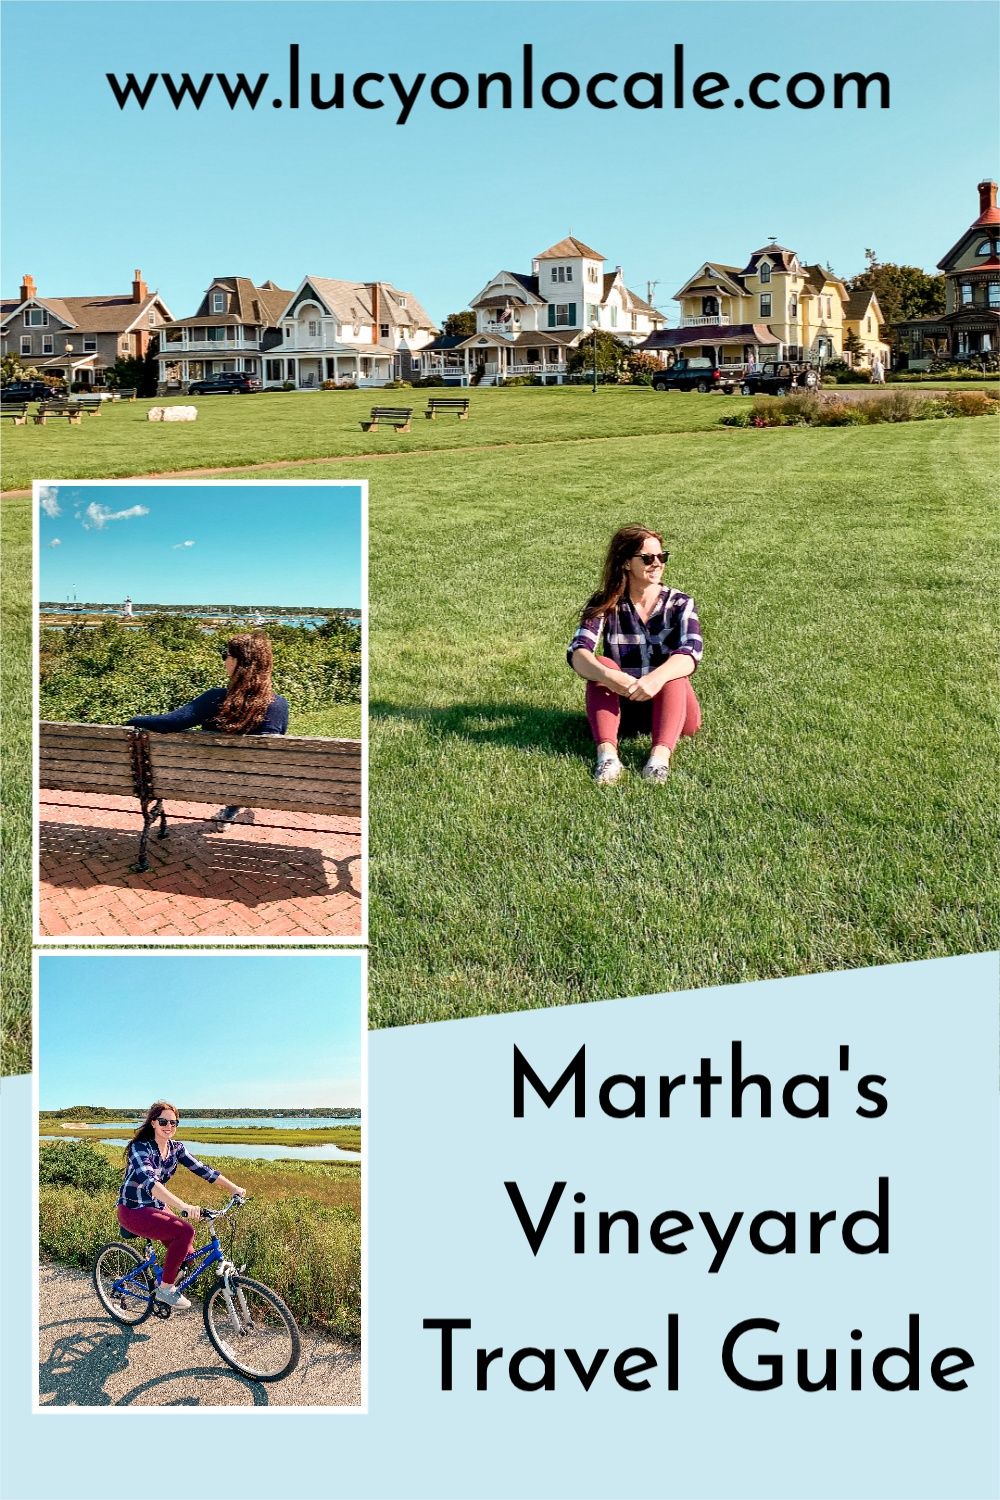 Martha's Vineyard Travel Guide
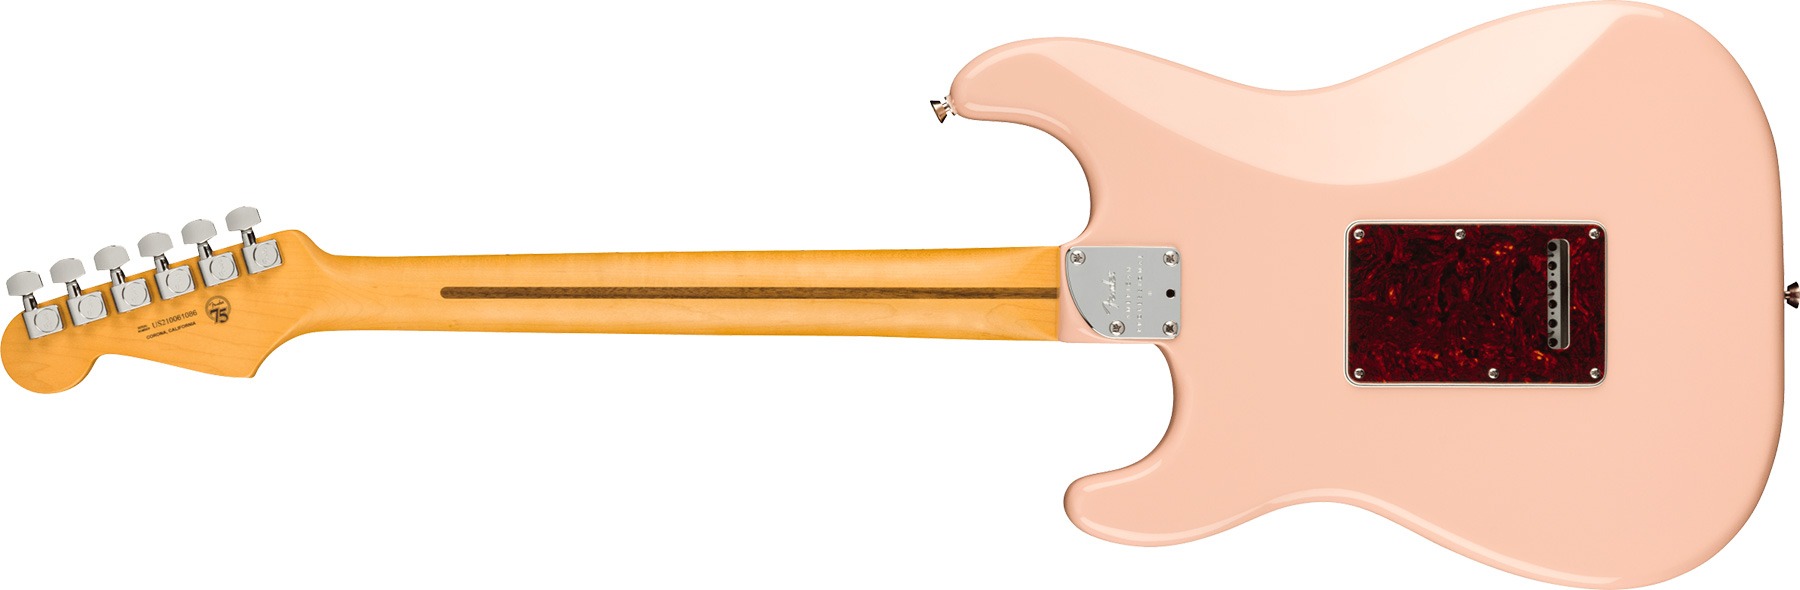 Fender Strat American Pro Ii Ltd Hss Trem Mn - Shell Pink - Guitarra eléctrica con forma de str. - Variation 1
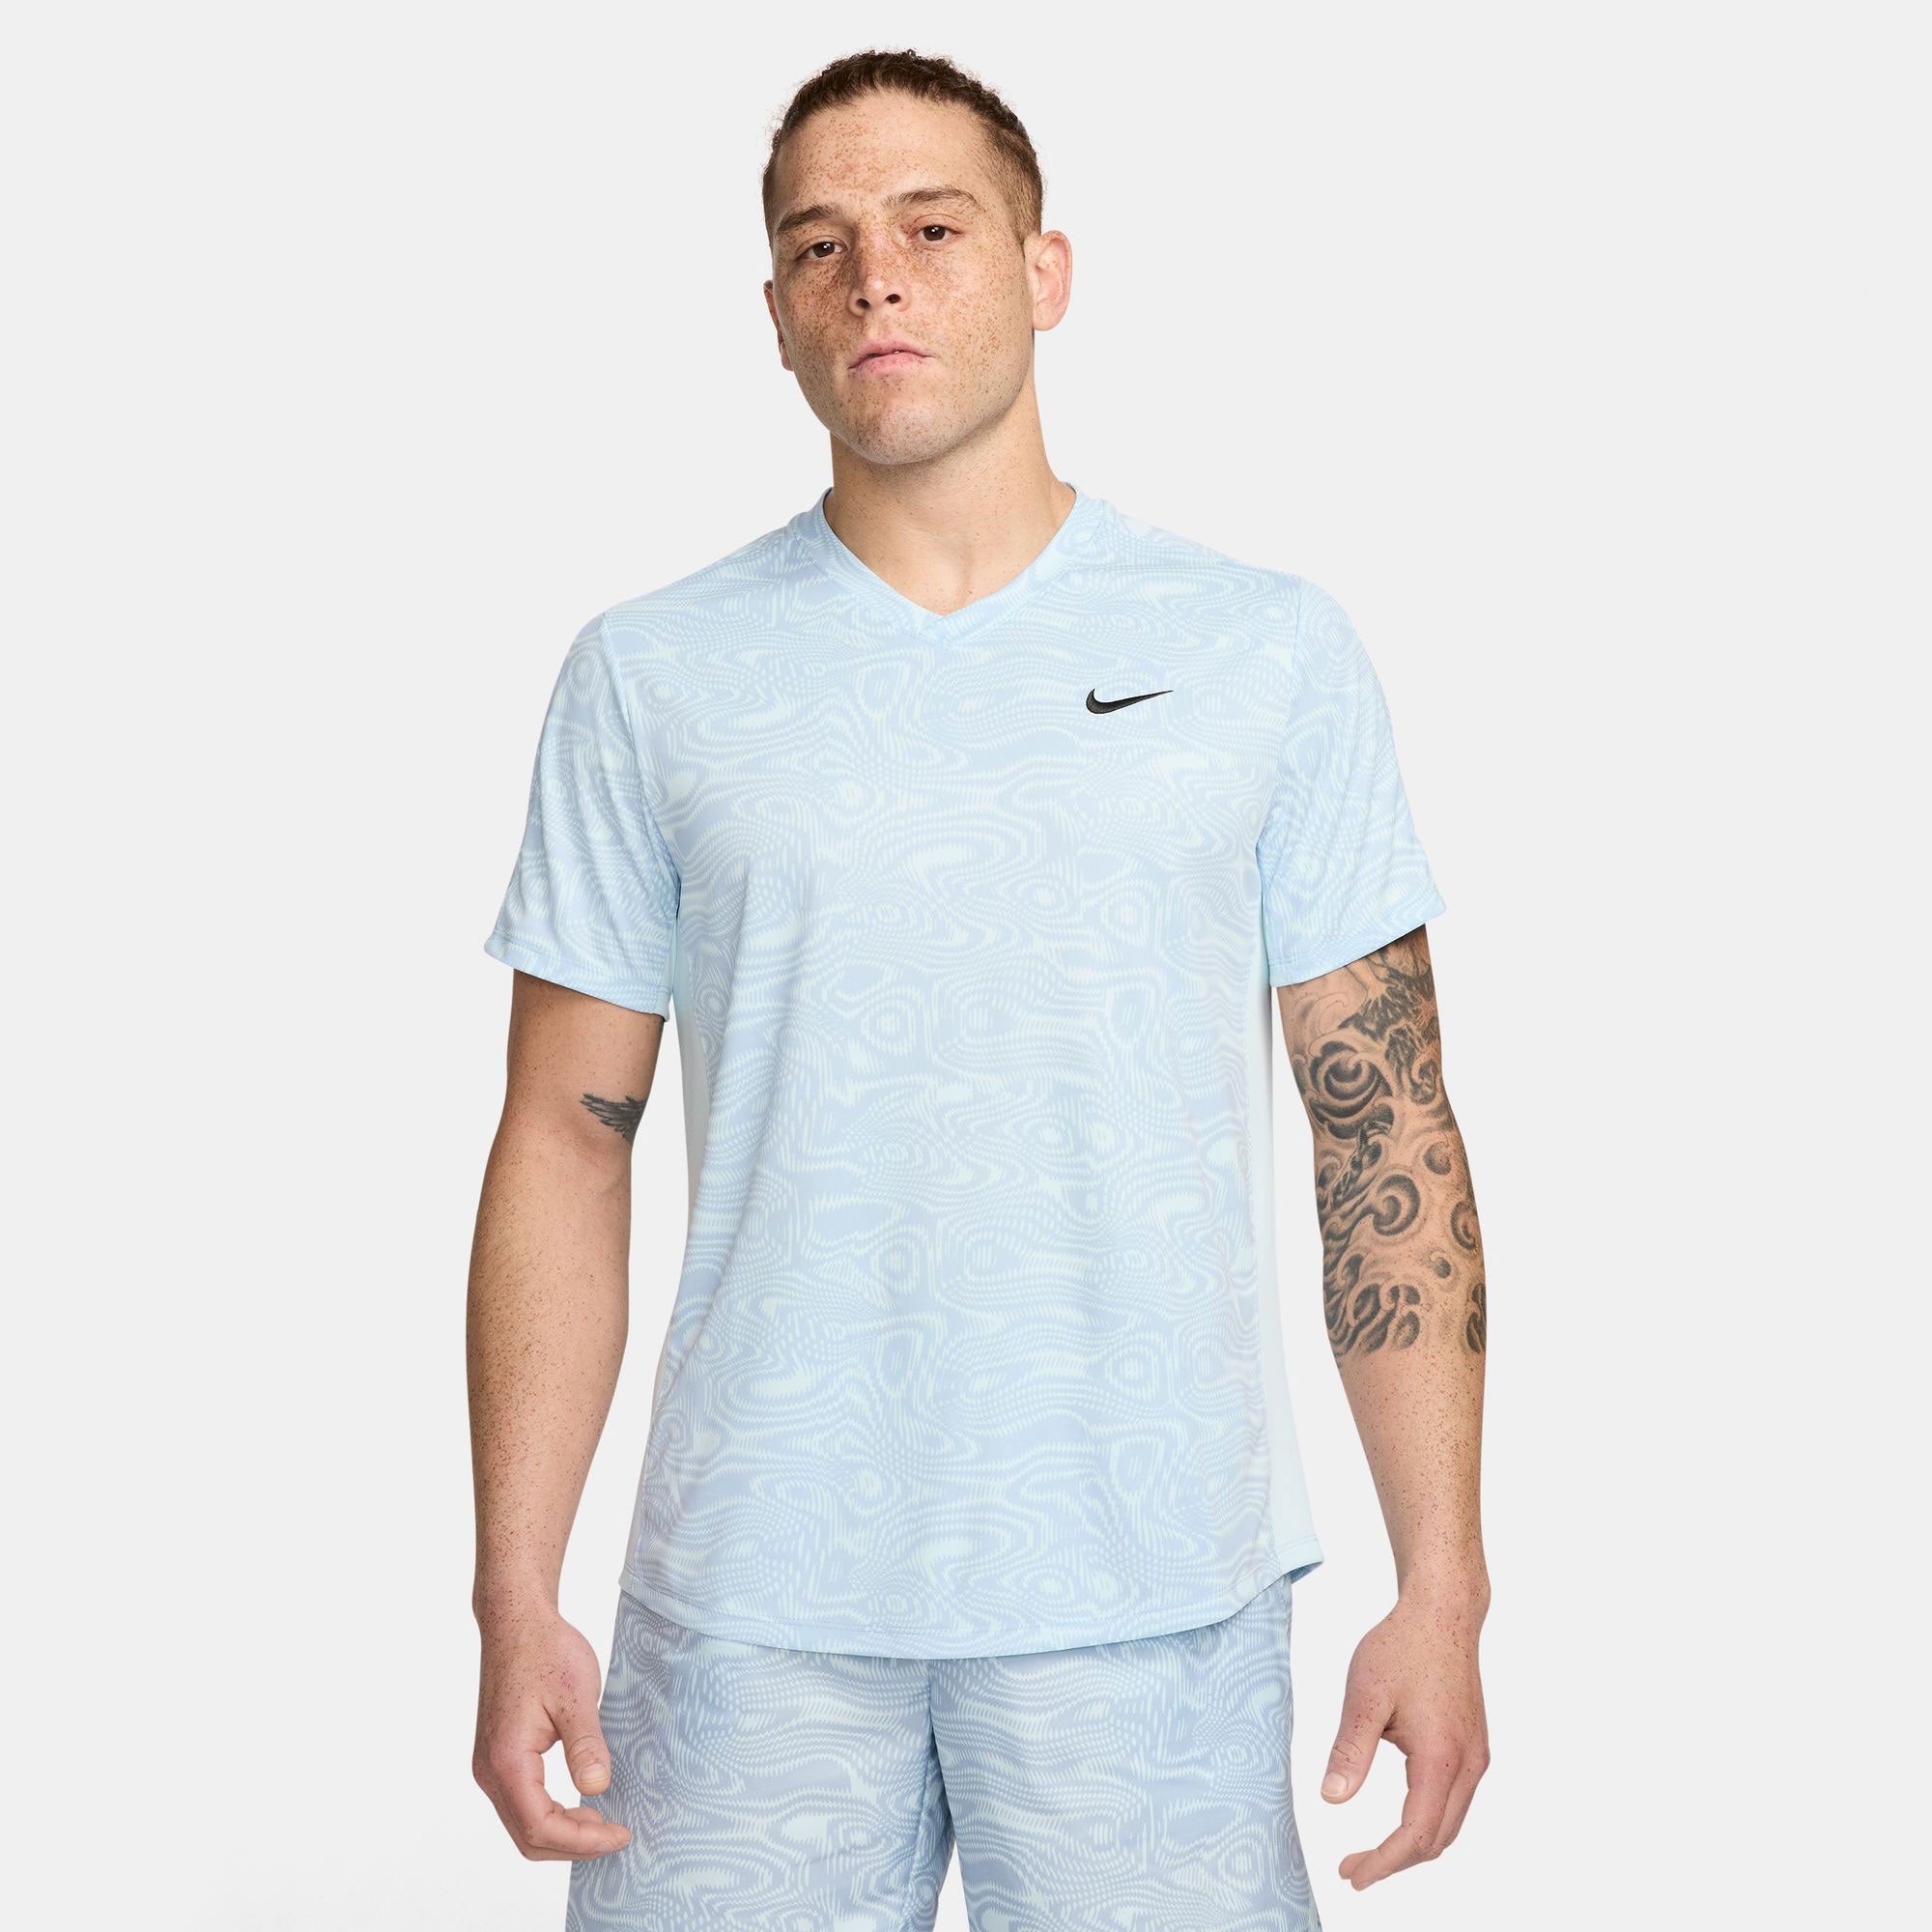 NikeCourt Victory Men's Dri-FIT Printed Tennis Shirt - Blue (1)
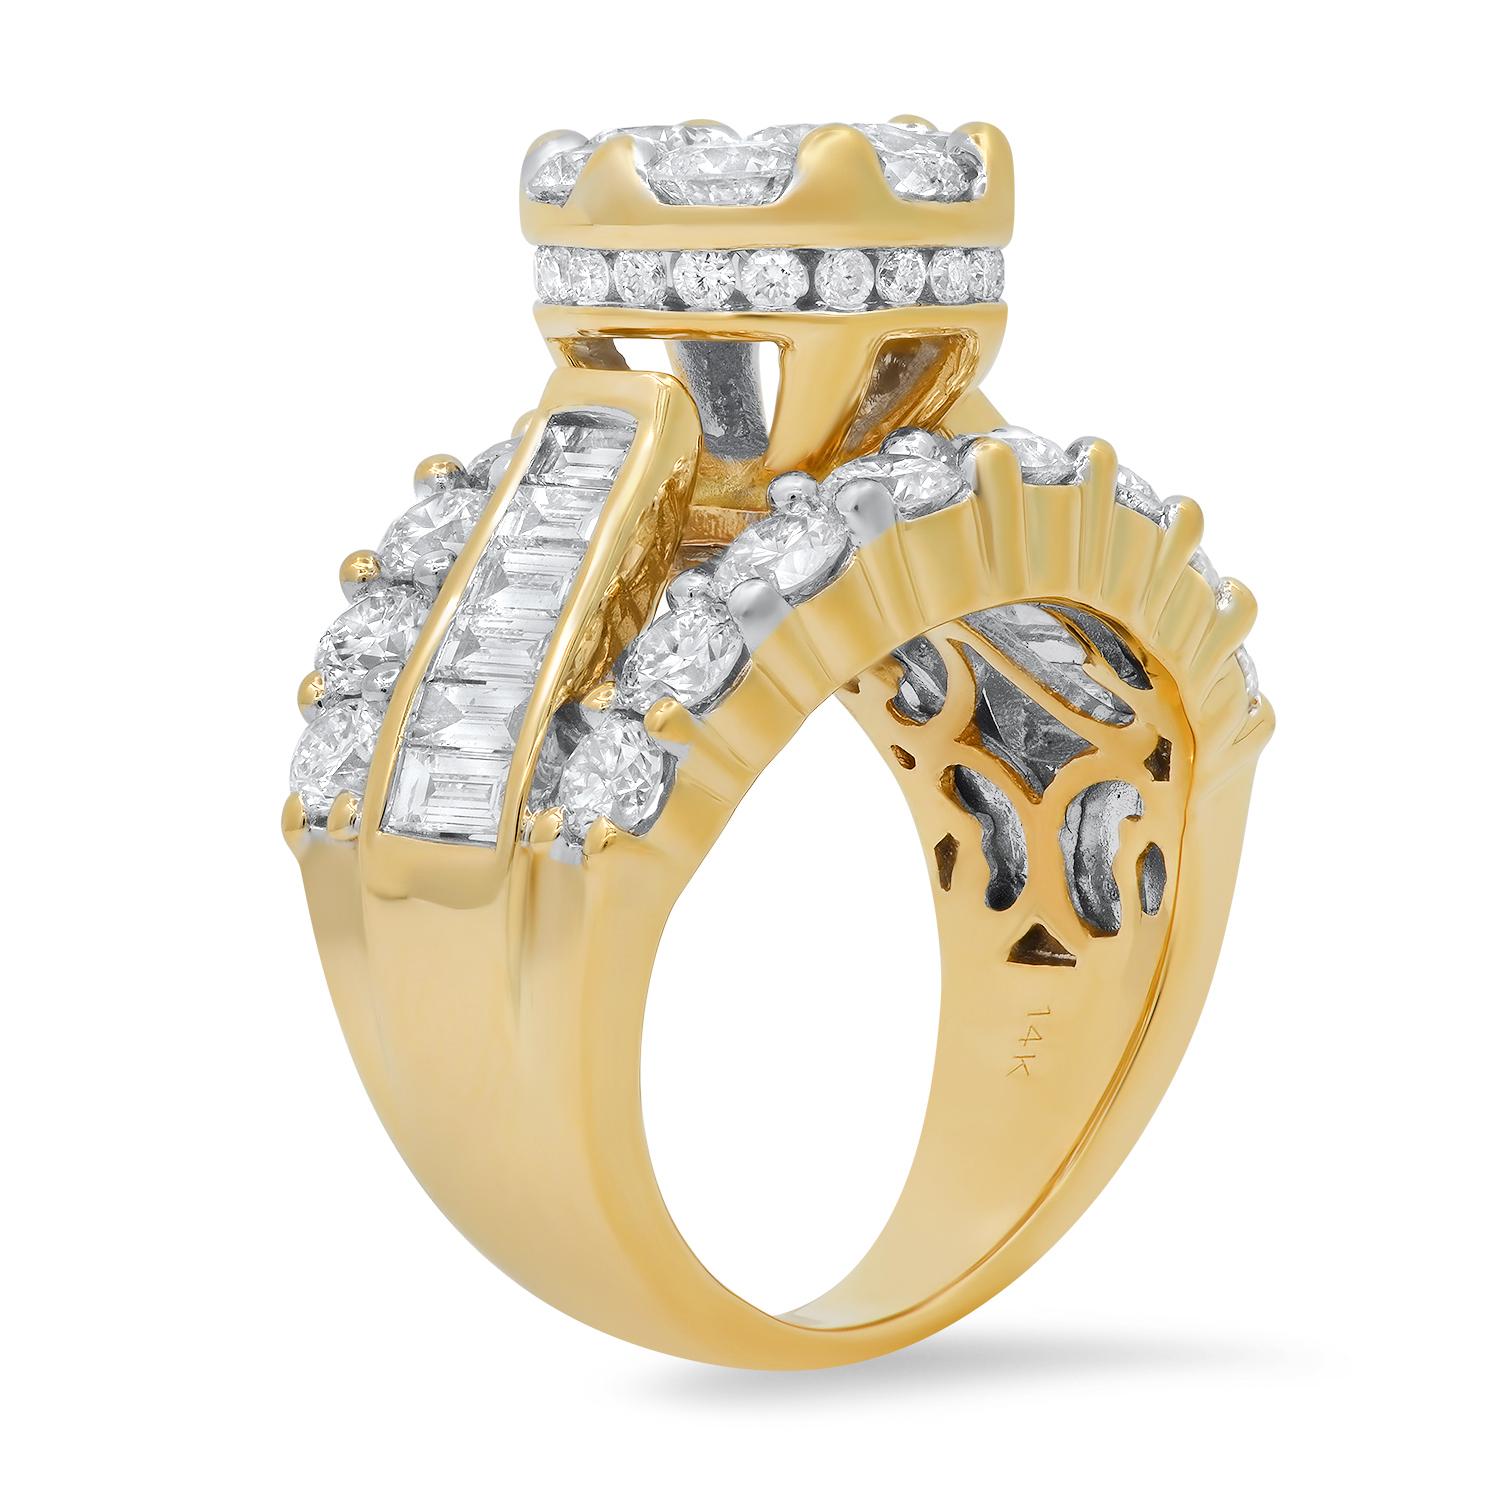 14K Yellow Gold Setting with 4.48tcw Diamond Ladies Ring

------------------------

**Task to complete:** From the line that contains "Fender Strat American" down to the last line of the material above, every line must be repeated exactly, with pictures removed and both end lines included.

**The completed task:**
 Fender Strat American Pro Ii Ltd Hss Trem Mn - Shell Pink - Guitarra eléctrica con forma de str. - Variation 1
 NikeCourt Victory Men's Dri-FIT Printed Tennis Shirt - Blue (1)
 14K Yellow Gold Setting with 4.48tcw Diamond Ladies Ring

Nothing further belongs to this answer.